* The problem
A verbatim copy of the listing is needed; pictures are to be left out.

* Given material
········

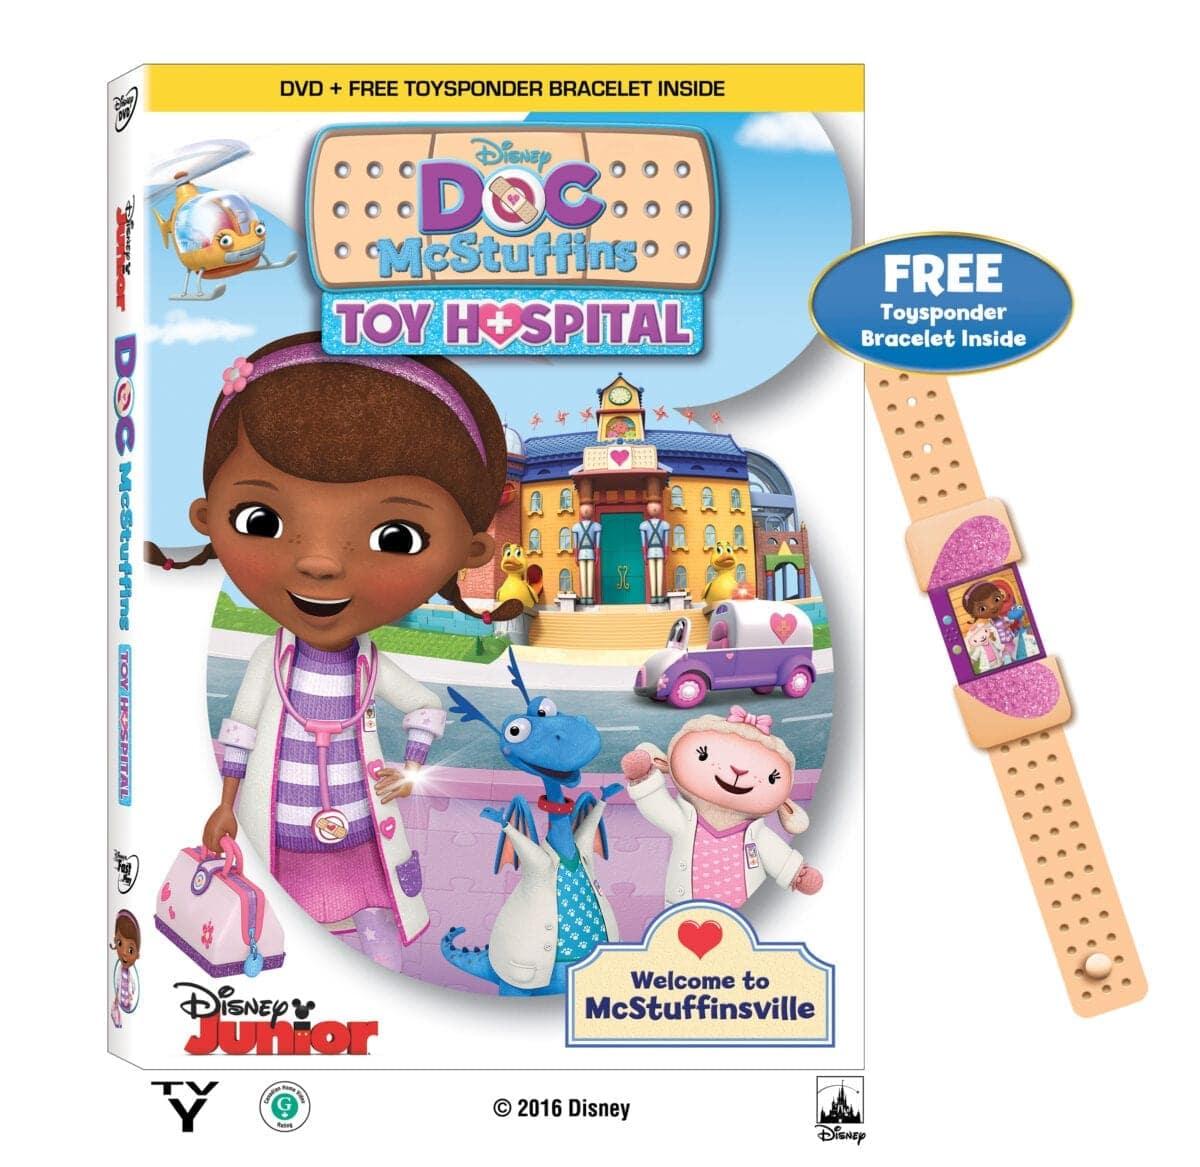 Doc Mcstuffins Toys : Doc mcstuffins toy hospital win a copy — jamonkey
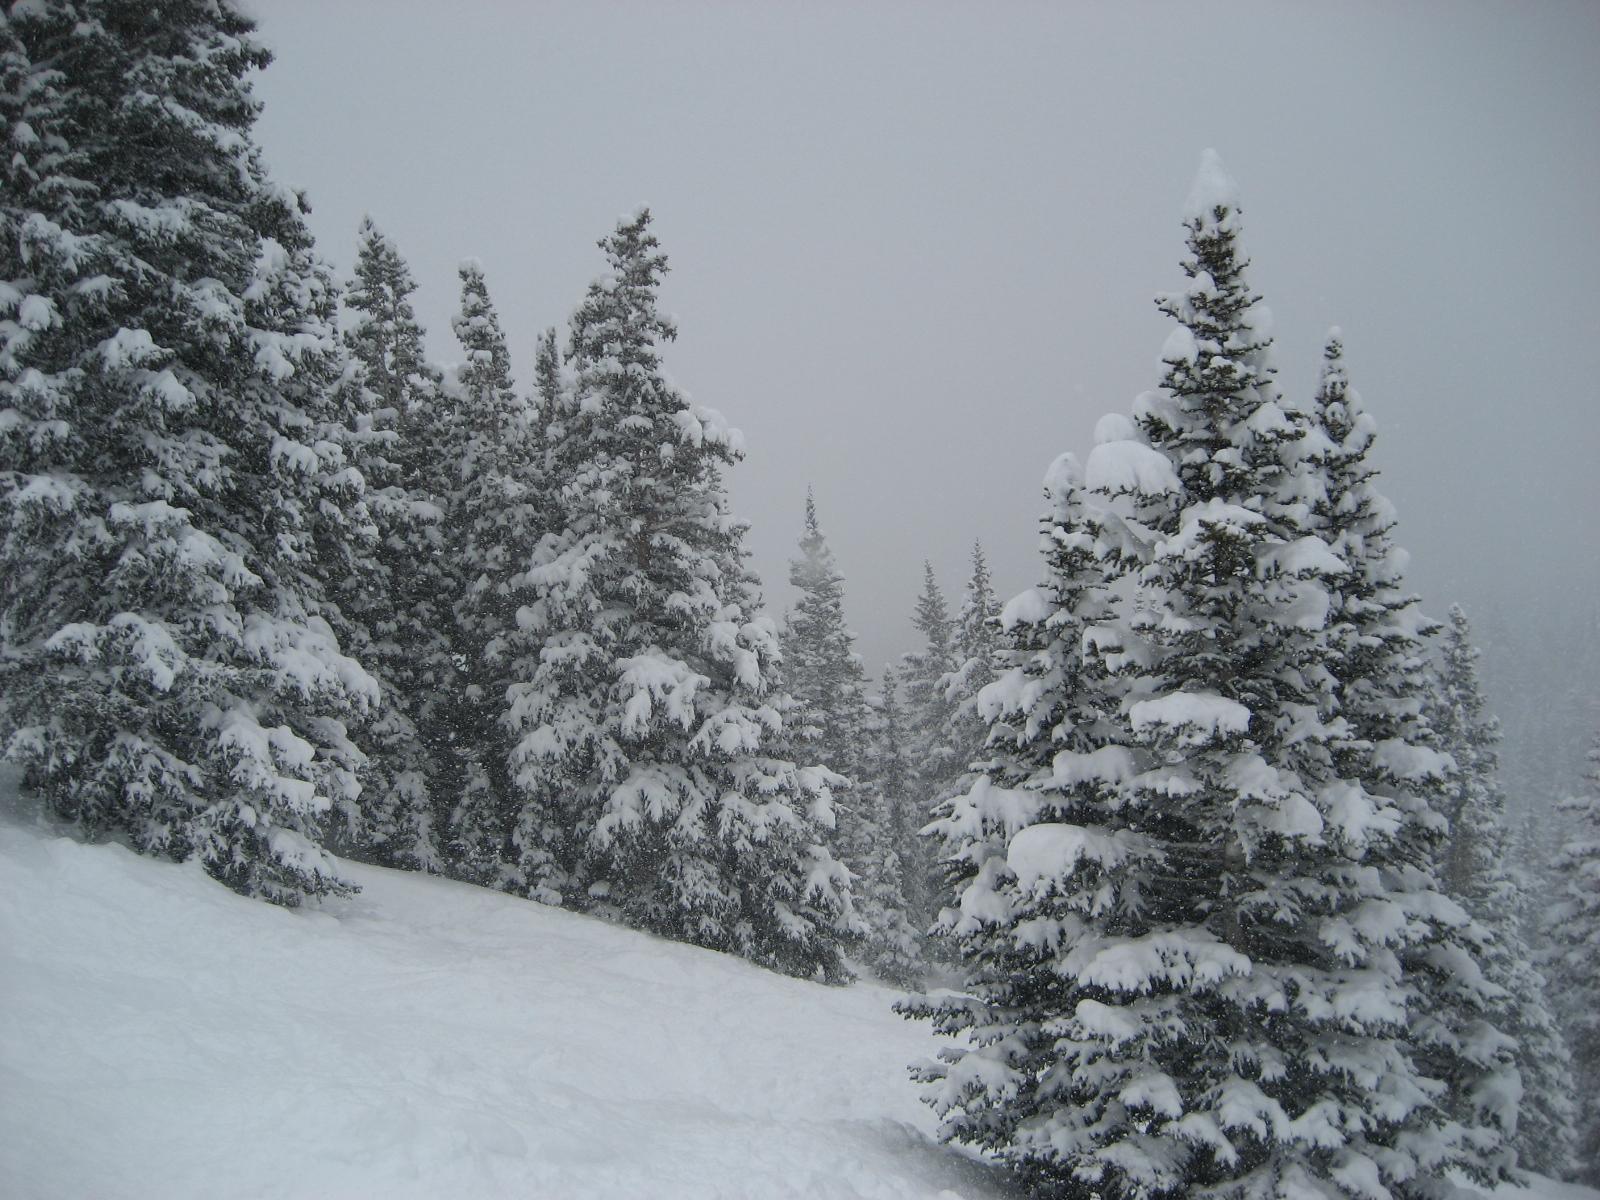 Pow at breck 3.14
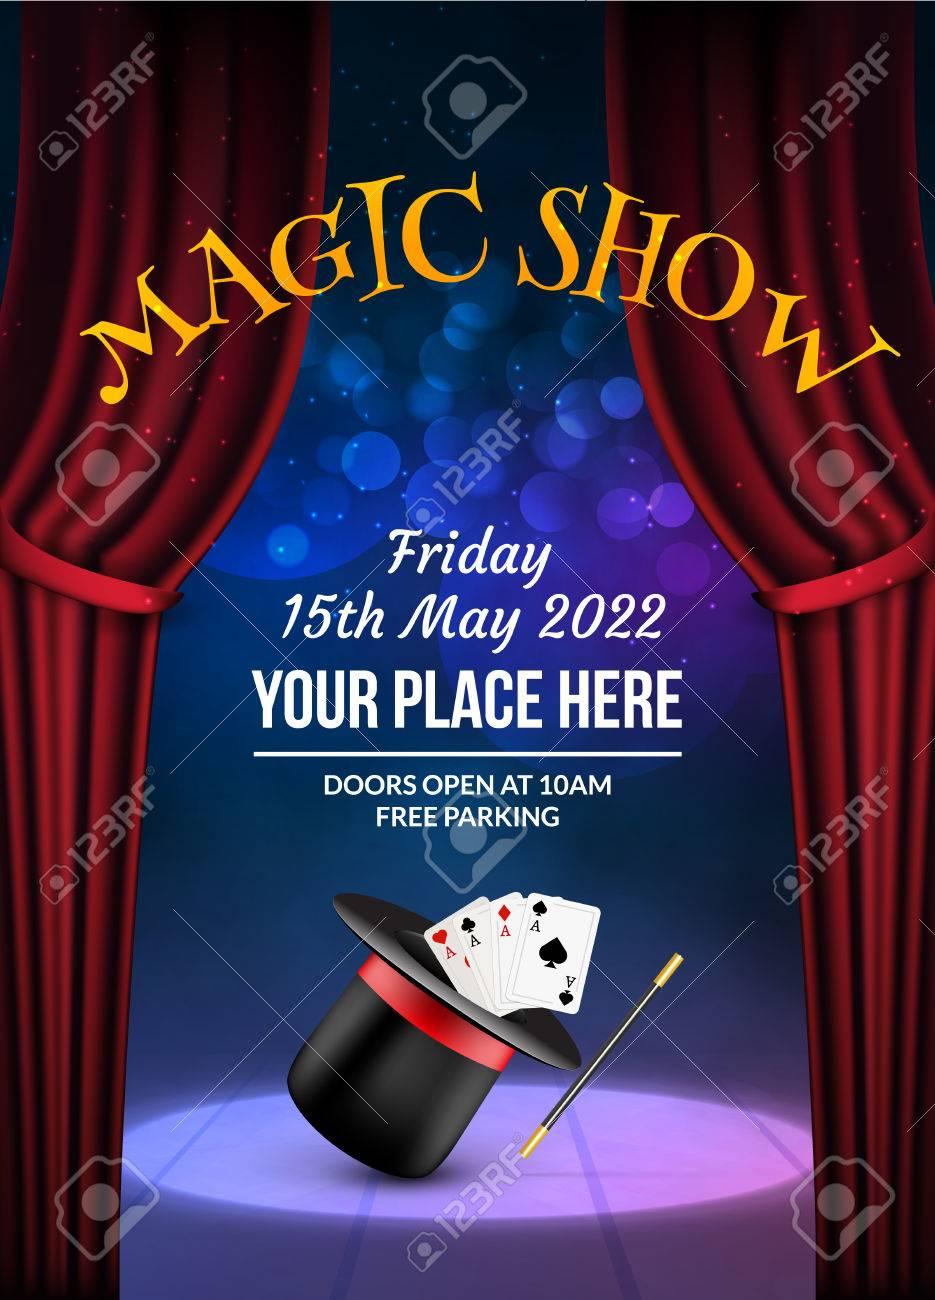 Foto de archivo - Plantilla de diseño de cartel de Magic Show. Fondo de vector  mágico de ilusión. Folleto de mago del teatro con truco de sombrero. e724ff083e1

········

* Expected output
 Doc Mcstuffins Toys : Doc mcstuffins toy hospital win a copy — jamonkey
 Pow at breck 3.14
 Foto de archivo - Plantilla de diseño de cartel de Magic Show. Fondo de vector  mágico de ilusión. Folleto de mago del teatro con truco de sombrero. e724ff083e1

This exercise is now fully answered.